* [WHAT YOU ARE ASKED TO DO]: Give again only the lines from the line that holds "パテで翼端面修整中です。" to the end of the data, inclusive, omitting all pictures.

* [RAW DATA]:
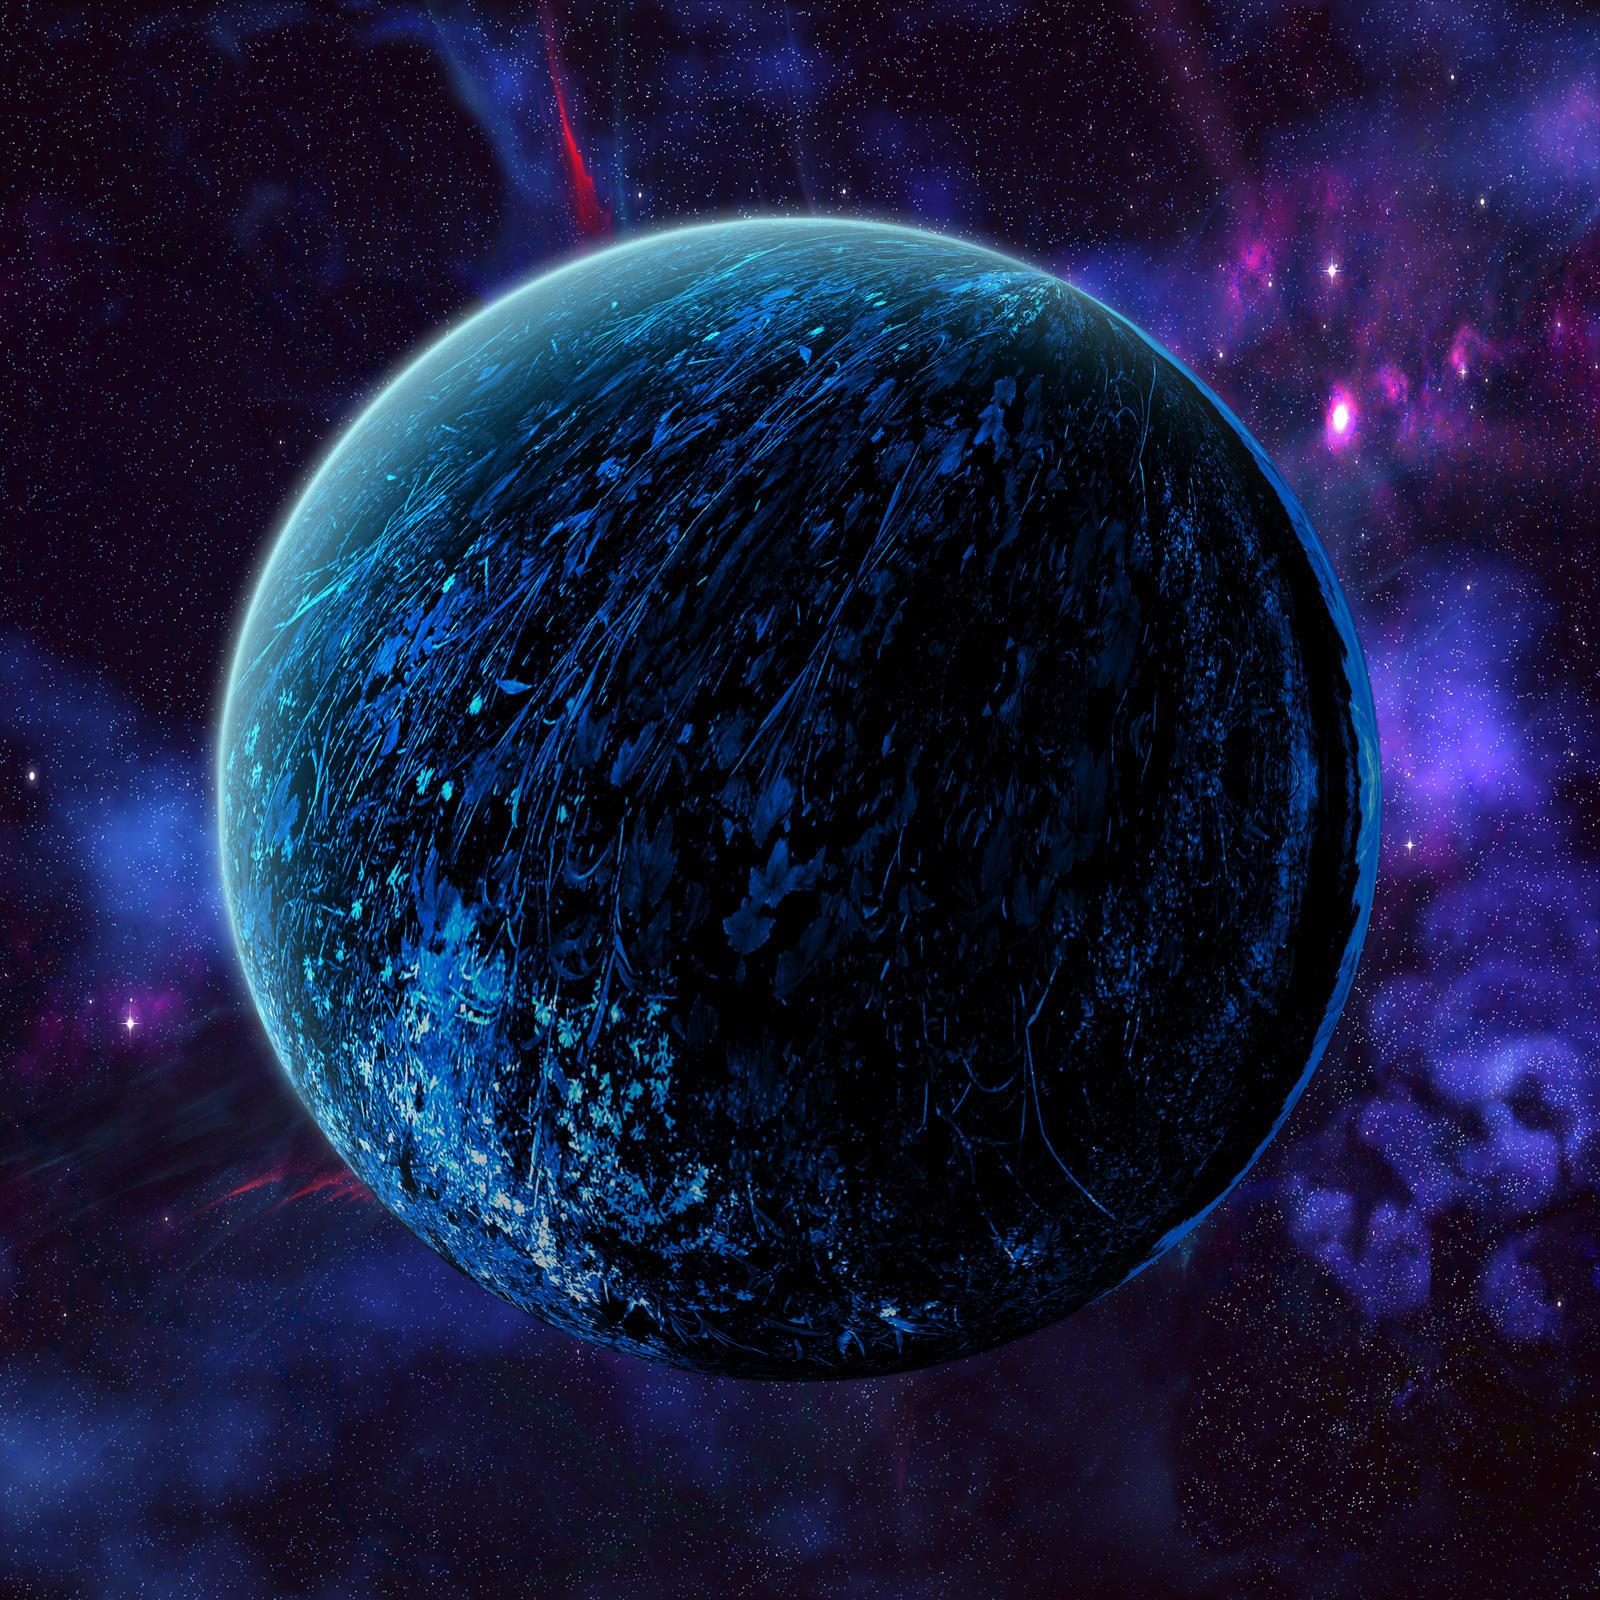 El Planeta Gaabv'rvraer'k't
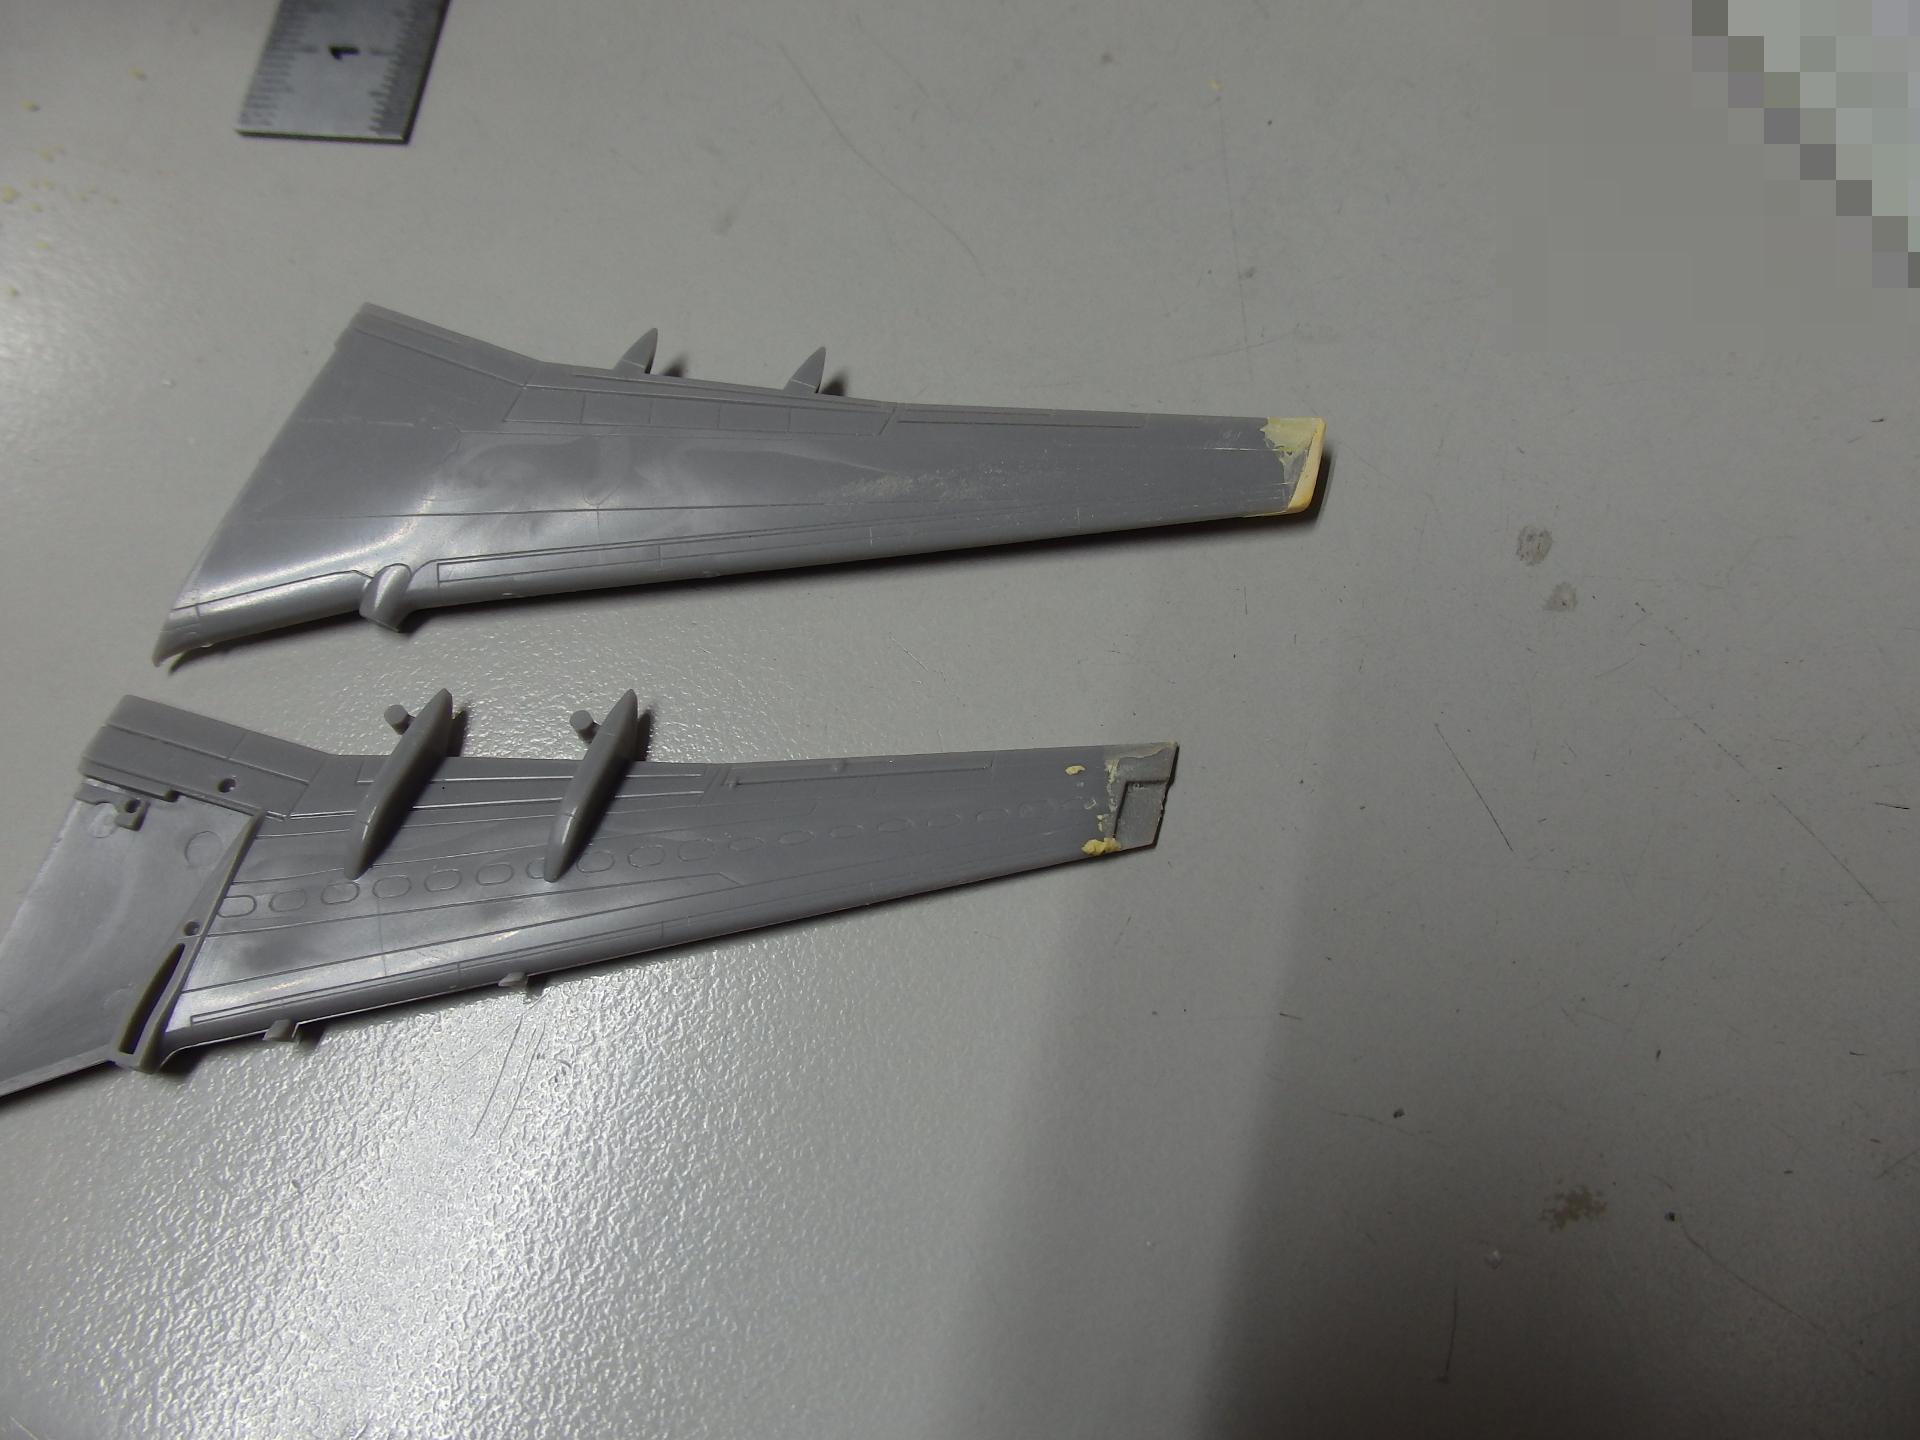 パテで翼端面修整中です。
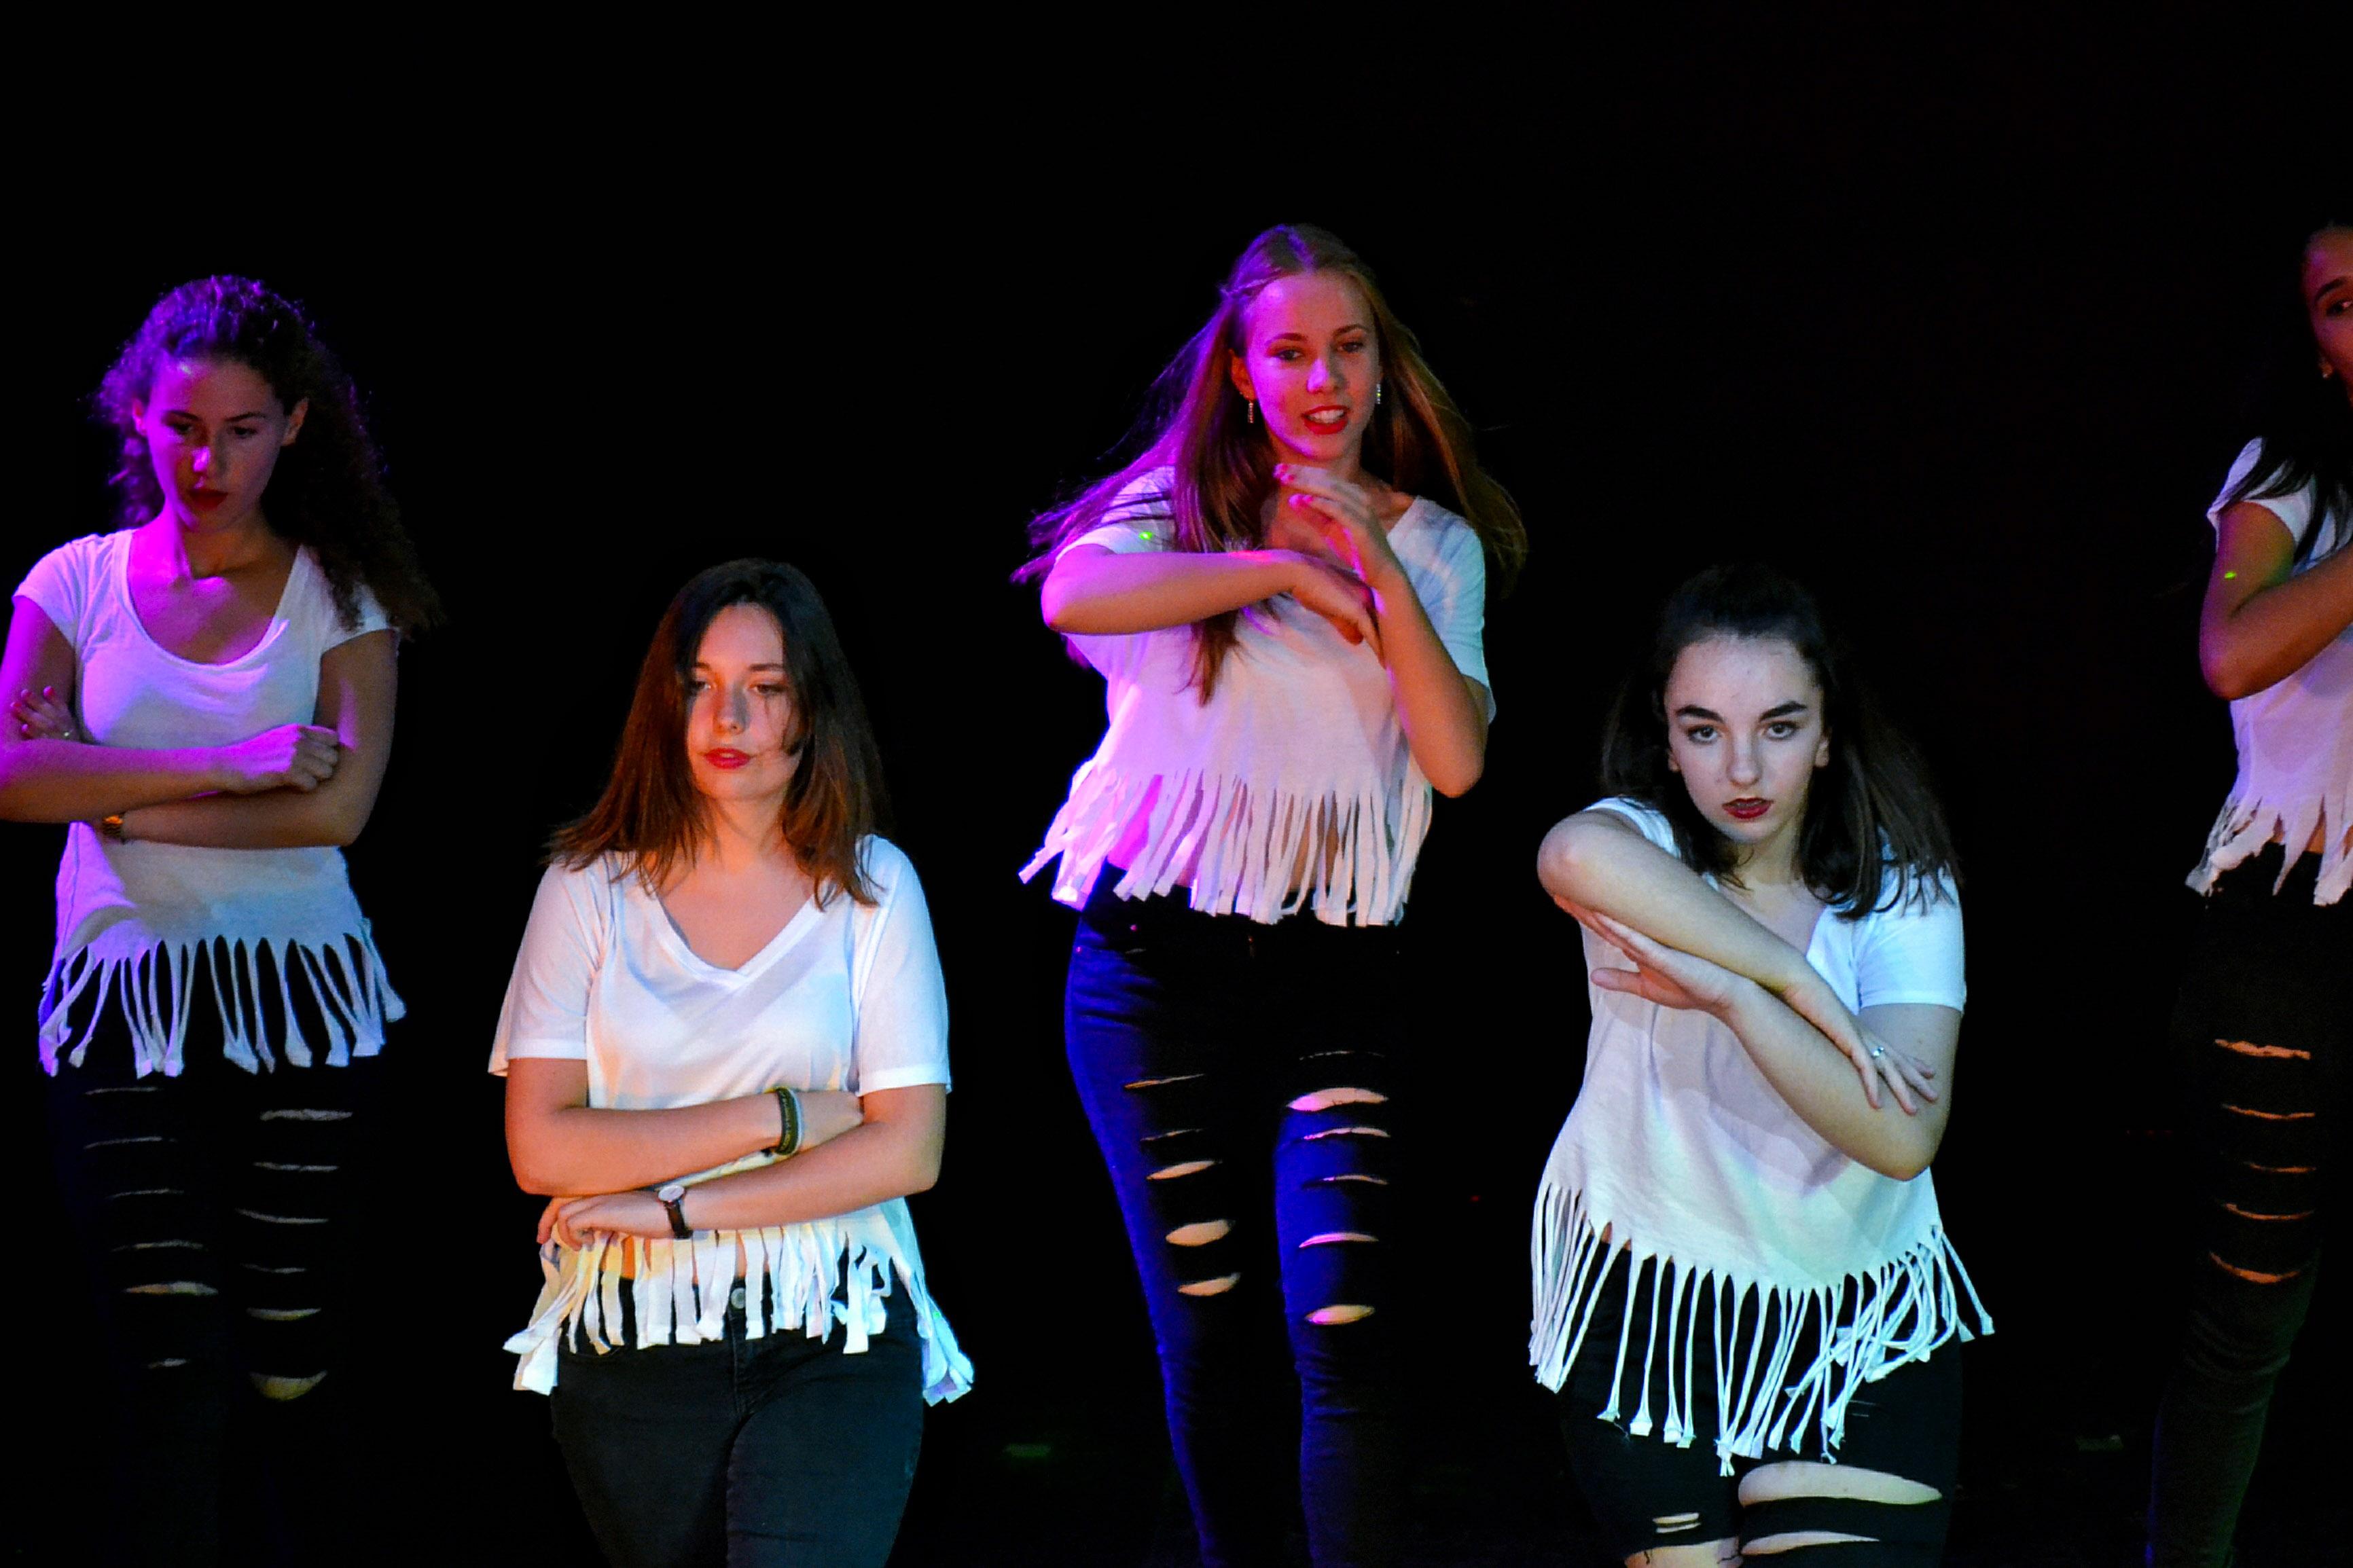 Linea-de-Baile-festival-verano-2015-clases-de-baile-valencia-147

* [WRITTEN RESPONSE]:
 パテで翼端面修整中です。
 Linea-de-Baile-festival-verano-2015-clases-de-baile-valencia-147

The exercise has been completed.